Filling form values from database based on the selected value from dropdown

Question

I've a form like this and if the user selected any value from the dropdown then I want to fetch the details from the database based on that value. Suppose say if the user selected Name 2 from the dropdown then I should automatically fill the fields address & phone that are relevant to Name 2. Also I'm unable to get the value $_POST['name']. I've tried but no luck. Here is my code. Please suggest me if is there any other way to achieve it.
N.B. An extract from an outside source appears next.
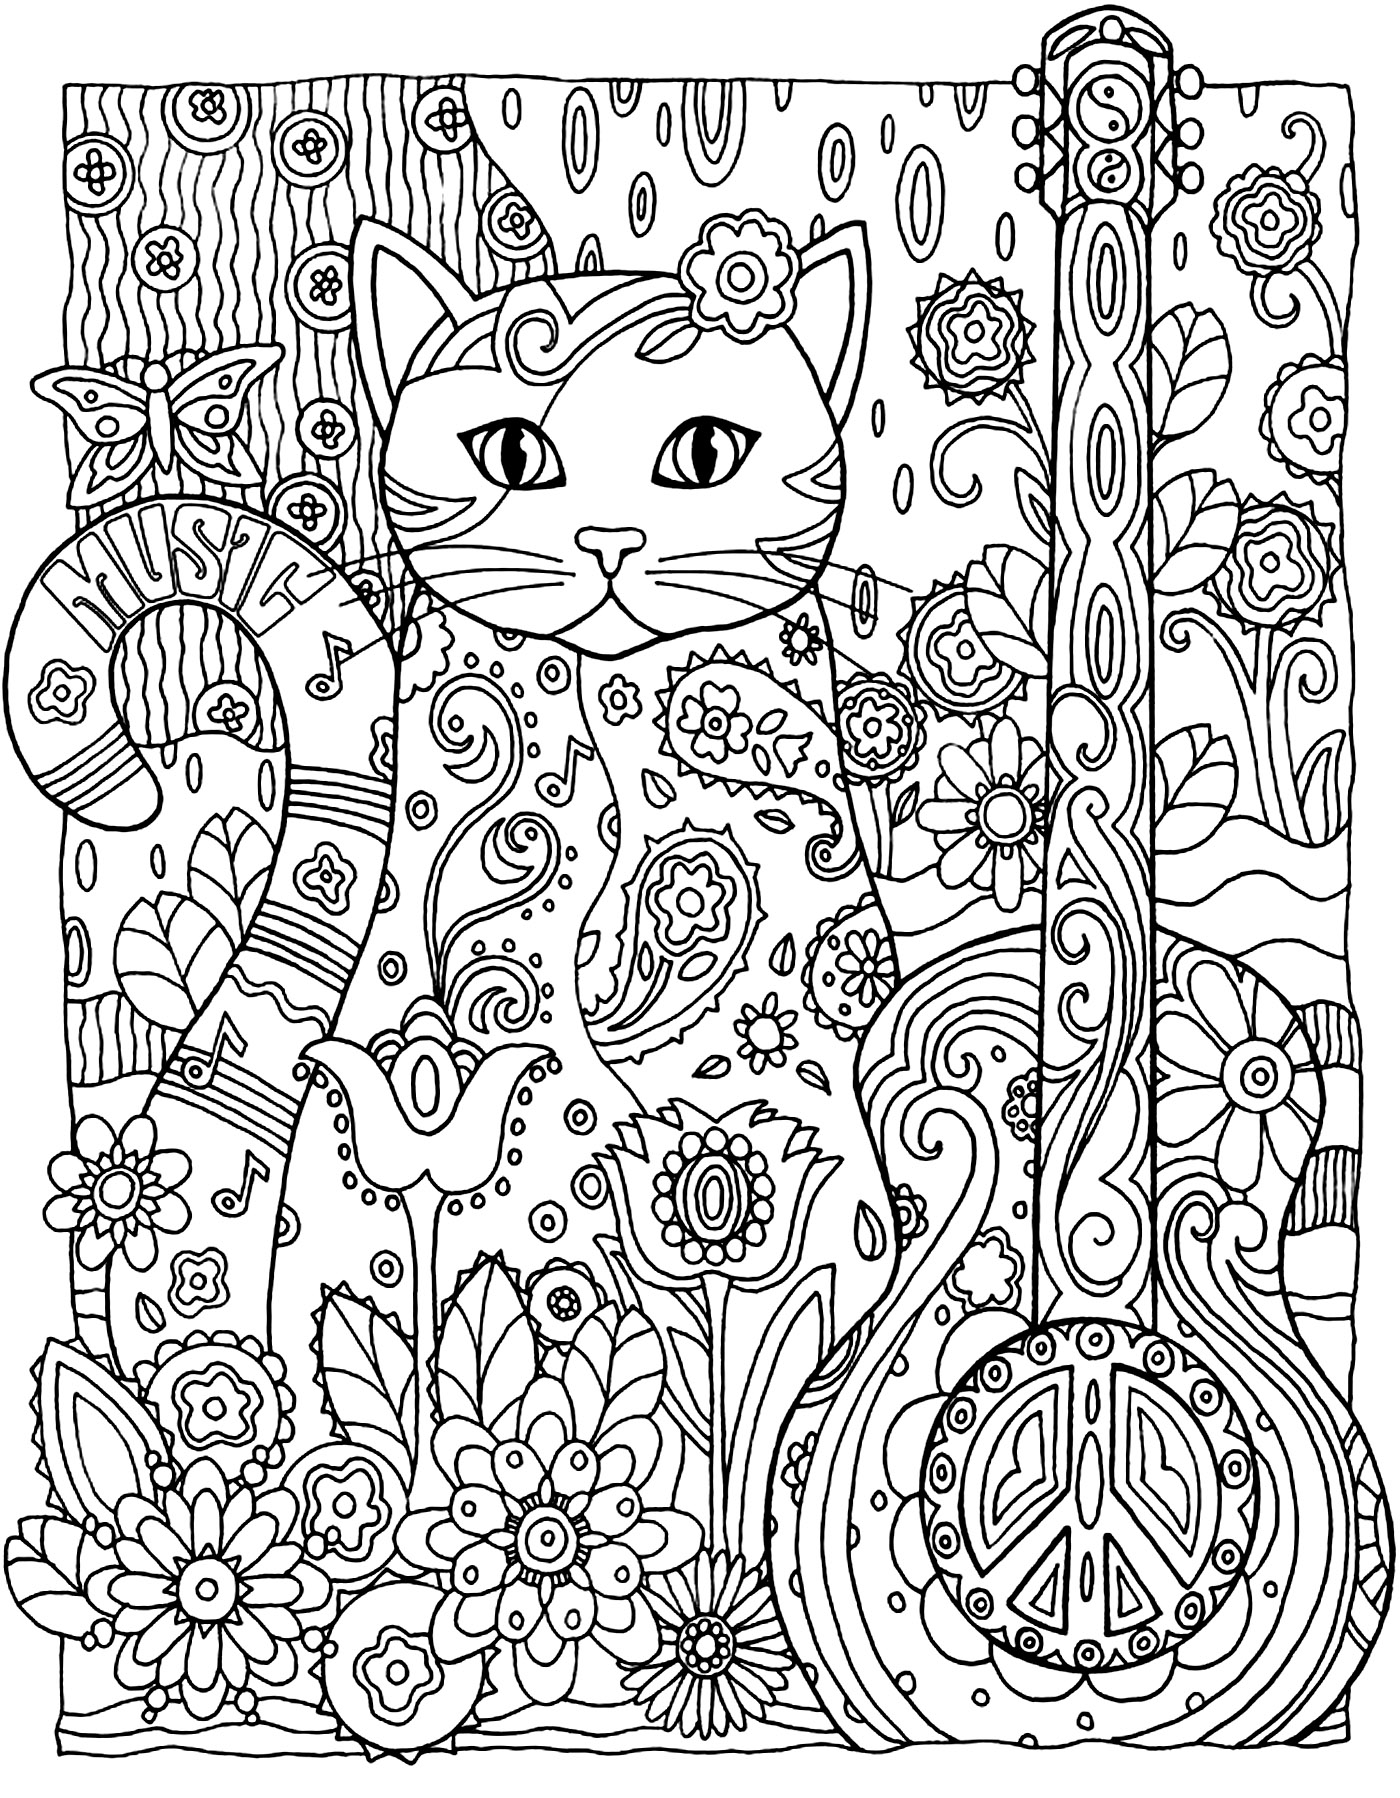 Desenhos para colorir gratuitos de Gatos para imprimir - Gatos

Thank you.

HTML

<select id="name" name="name">
    <option value="1">Name 1</option>
    <option value="2">Name 2</option>
    <option value="3">Name 3</option>
    <option value="4">Name 4</option>
    <option value="5">Name 5</option>
</select>

<input type="text" name="address" id="address" />
<input type="text" name="phone" id="phone" />

jQuery

$(document).ready(function () {
    $('#name').change(function(){
        var name = $(this).val();
        var dataString = "name=" + name;
        alert (dataString);
        $.ajax ({
            type: "POST",
            url: "test.php",
            data: dataString,
            dataType: json,
            success: function(data) {
                $('#address').val(data.address);
                $('#phone').val(data.phone);
            }
        });
    });
});

PHP

<?php

ini_set('display_errors',1); // enable php error display for easy trouble shooting
error_reporting(E_ALL); // set error display to all

include "connect.php";

if (ISSET($_POST['name'])) {

    $ref = $_POST['name'];

    $query = $con->query("SELECT * FROM test WHERE id = '$ref' LIMIT 1");
    $row = $query->fetch_assoc();

    $address = $row['address'];
    $phone = $row['phone'];

    $json = array('address' => $address, 'phone' => $phone);
    echo json_encode($json);
}

$con->close();
?>

Answer 1

HTML

<form>
<select id="name" name="name">
    <option value="1">Name 1</option>
    <option value="2">Name 2</option>
    <option value="3">Name 3</option>
    <option value="4">Name 4</option>
    <option value="5">Name 5</option>
</select>
</form>

<input type="text" name="address" id="address" />
<input type="text" name="phone" id="phone" />

jQuery

$('#account_head').change(function(){
    var name = $(this).val();
    var dataString = "name=" + name;
    $.ajax ({
        type: "POST",
        url: "get_results.php",
        data: dataString,
        dataType: 'json',
        success: function(data) {
            // console.debug(data);
            $('#agent').val(data.agent);
            $('#tin').val(data.tin);
            $('#address').val(data.address);
        }
    });
});

PHP

<?php
if (ISSET($_POST)) {
    $ref = $_POST['name'];

    $query = $con->query("SELECT * FROM test WHERE id = '$ref' LIMIT 1");
    $row = $query->fetch_assoc();

    $address = $row['address'];
    $phone = $row['phone'];
    $json = array('address' => $address, 'phone' => $phone);
    echo json_encode($json);
}
?>

Answer 2

dataType: json, needs to be dataType: "json",

Showing the retrieved data using val() will work perfectly fine; I'll just question whether an <input> is suitable for output.

Answer 3

Change this

dataType: json,
  $('#address').val(data.address);
   $('#phone').val(data.phone);

to

dataType: 'json',
  $('#address').html(data.address);
            $('#phone').html(data.phone);

Answer 4

You should use another method to display the values, .val(value) just sets a value in the element's tag. You could use .text(value), .html(value) instead.